Мало радостного было со мною во все эти дни. Миша мой болен и хуже, чем когда-нибудь; сам я отказался его лечить; пользует его Татьяна Ивановна: будет ли лучше? Жена возненавидела жизнь, и я, признаюсь, жажду покоя. Если Миша будет моим предшественником в тот мир, пусть его чистенькая душенька скажет моим, что отец скоро, скоро будет! В няньках была у меня старая ведьма, настоящая шекспировская колдовка; она, обобрав меня, отошла; теперь девчонка, зовут Маланьей; дай-то бог, чтоб ужилась!
Вчера и сегодня по ночам сильные грозы и в воздухе необычайная духота.
Читать нечего, а, право, хотелось бы. Перебрал я ящик с бумагами, сколько тут разных впечатлений! сколько испытанного, перечувствованного, забытого или такого, о чем и вспомнить тяжело! Тяжело вспомнить не одни заблуждения, но и те ощущения невозвратные, которые волновали мою душу когда-то при первых наитиях набожности, любви к ближним, тоски по родных, по тех, из которых судьба меня потом кое с кем опять привела в болезненное столкновение! Все это прошло и уж не воскреснет! Что же осталось в душе моей? Ужели одно беспредельное желание покоя? Nolli me tangere![1248] Более ничего не хочу, все прочее — восторги поэзии и веры, любовь, дружба, самая грусть — все мне приелось. Боже мой! или это состояние долго продолжится?
Кому мои отметки, напр. о книгах, пригодятся? Мише ли, если он переживет меня? Разве только ему! Впрочем-то, и книг-то прочел я очень не много в течение моего 15-тилетнего странствования по крепостям России и степям Сибири.
В день, когда за 13 месяцев родился мой Миша, начну новый дневник; сознаюсь, что это по чувству суеверия. Его рождение и годовщина его рождения принесли мне счастие, вот почему и желаю думать, что в тетради, в которой стану записывать примечательные случаи моей жизни со дня его рождения, встретится этих случаев более счастливых, нежели несчастных.
Укрепи меня, боже, на стезе жизни! дай мне упование, что ведешь все к лучшему, и чтобы не было в моем дневнике таких отметок, как предпоследняя!

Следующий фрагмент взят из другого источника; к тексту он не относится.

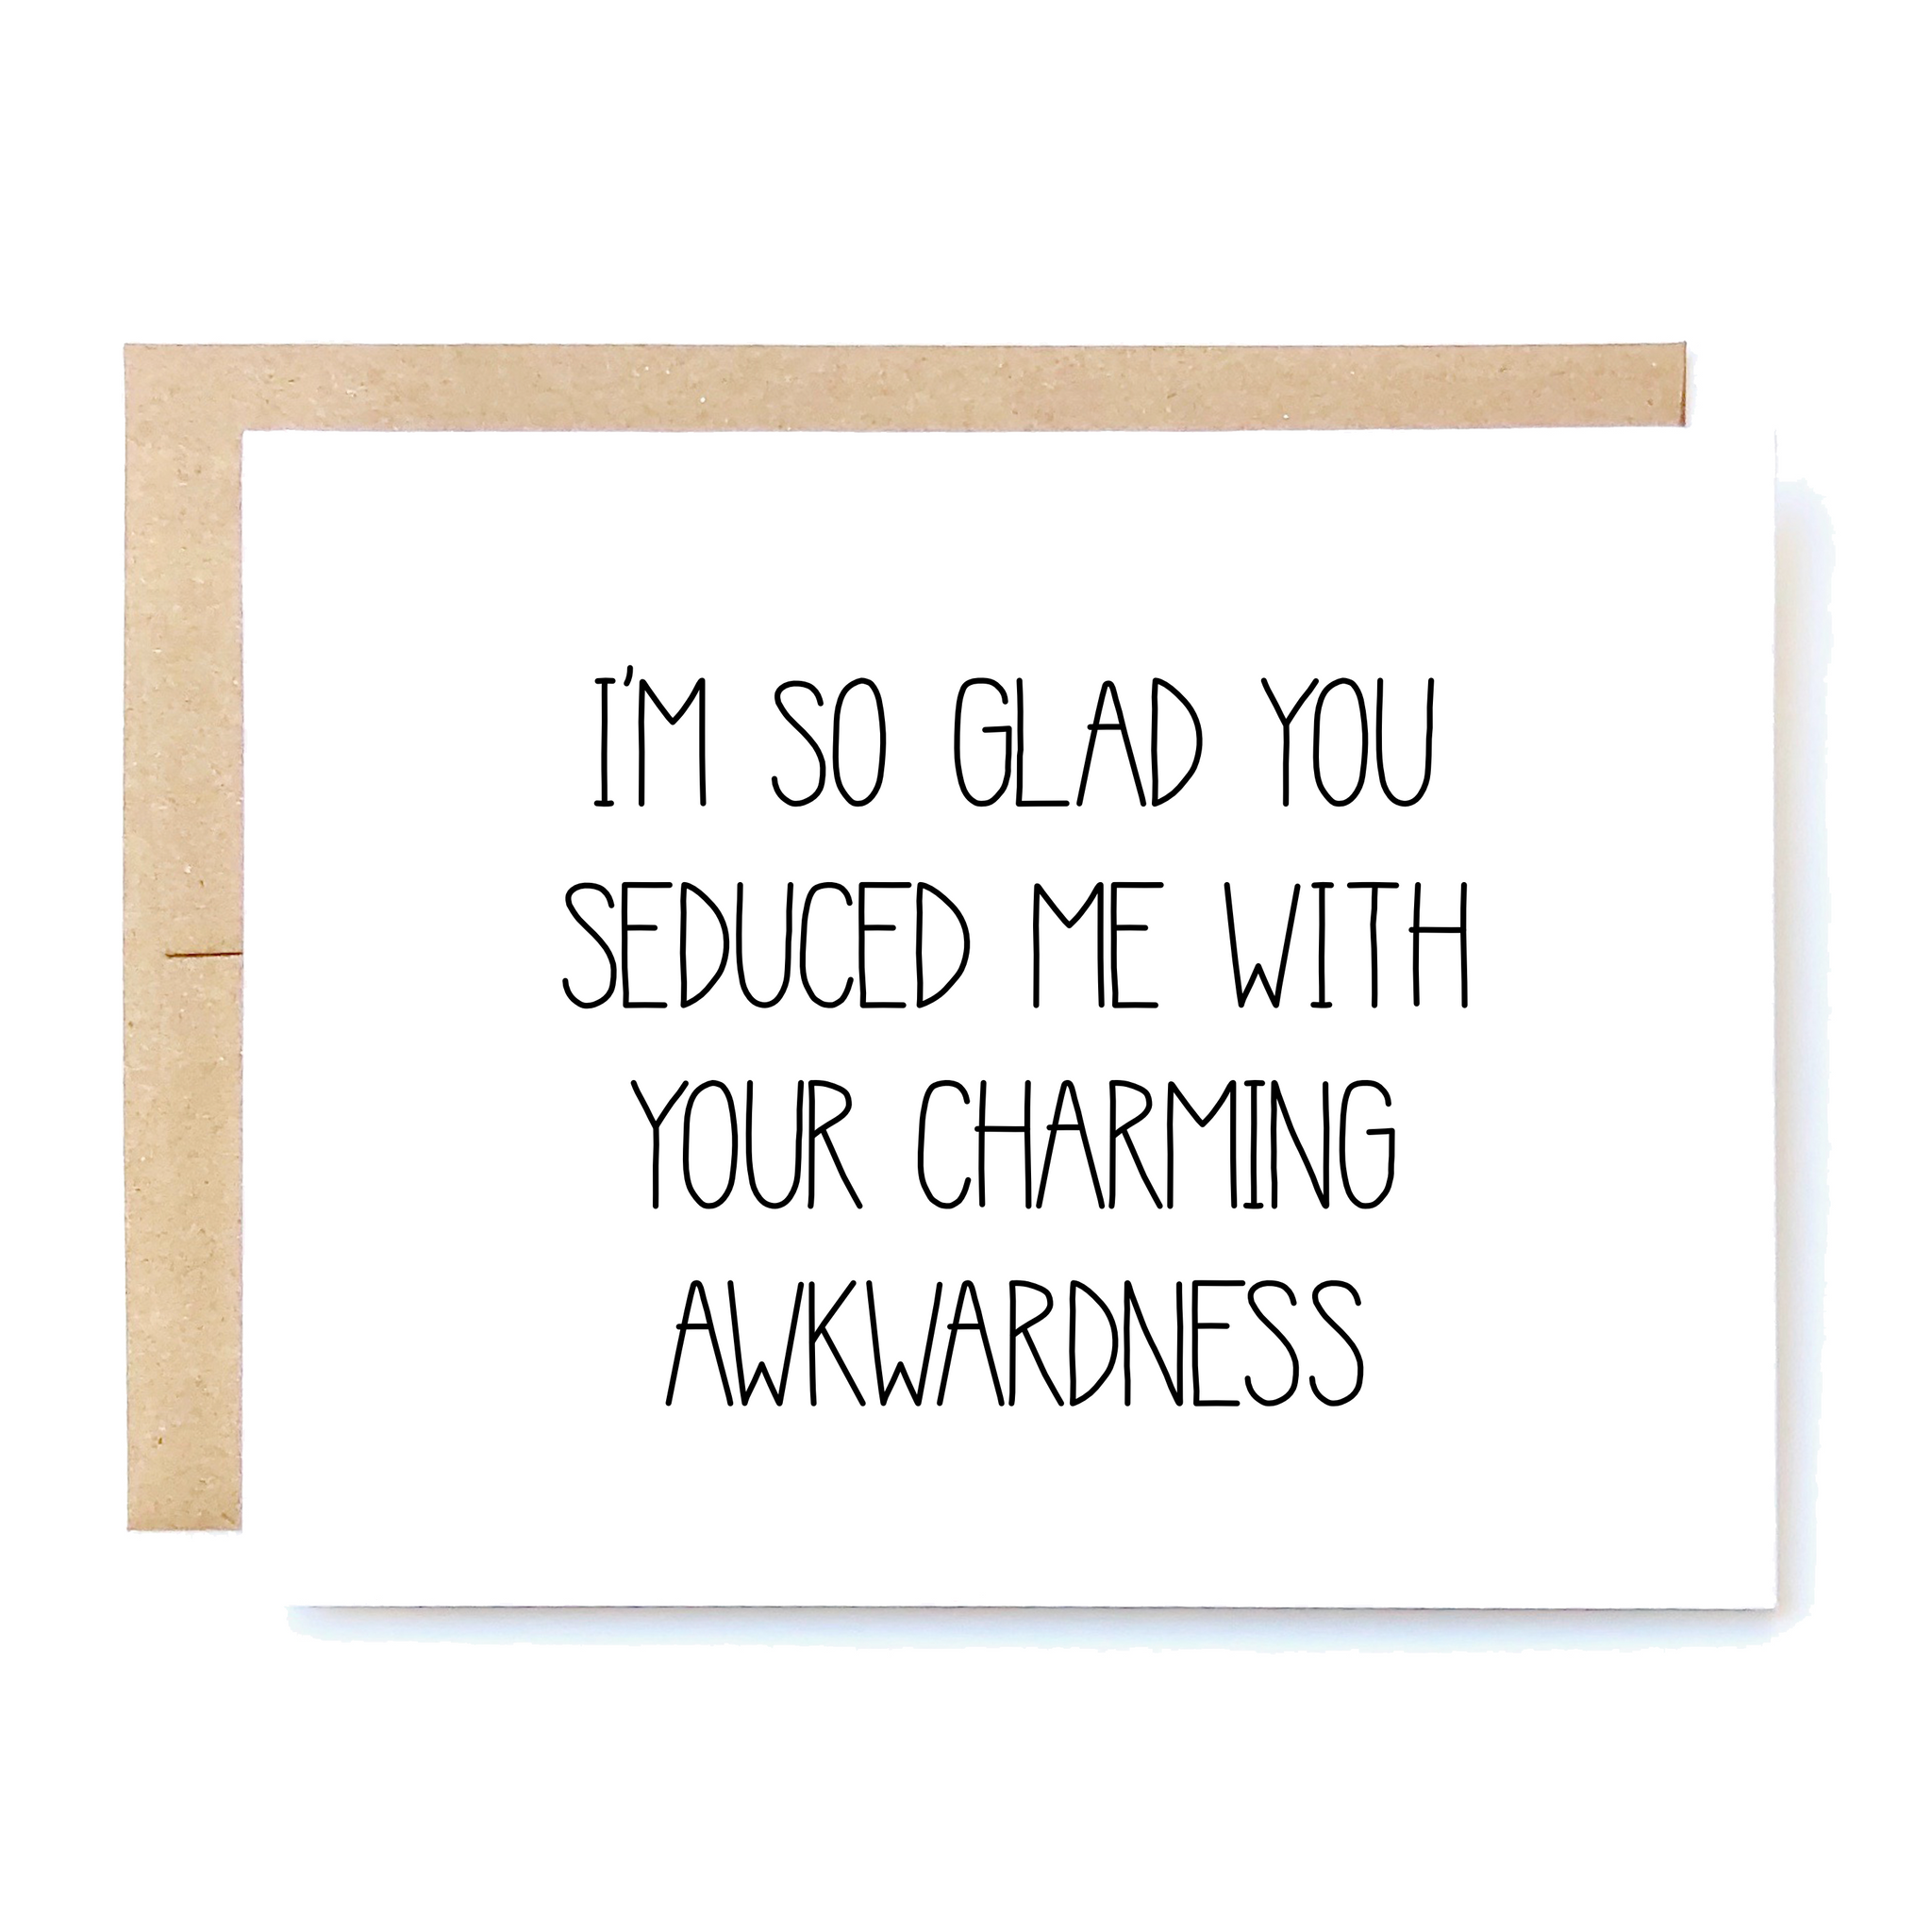 Card Front: I'm so glad you seduced me with your charming awkwardness.

Этот год я много разъезжаю верхом: сначала мне было трудно на здешних казачьих лошадях, теперь — я мало-помалу привык; вот и сегодня я ездил в Варашанту и назад; это вместе составит около 60 верст. День был бесподобный, и на душе легко. По приезде начал я читать «Ла Перуза»,[1249] драму Коцебу, да с досады бросил; суждение мое об этой драме заключается именно в словах, с которыми я ее бросил: «Преглупая задача! das kommt heraus, wenn man kluger sein will, als der Herr Golt!»[1250]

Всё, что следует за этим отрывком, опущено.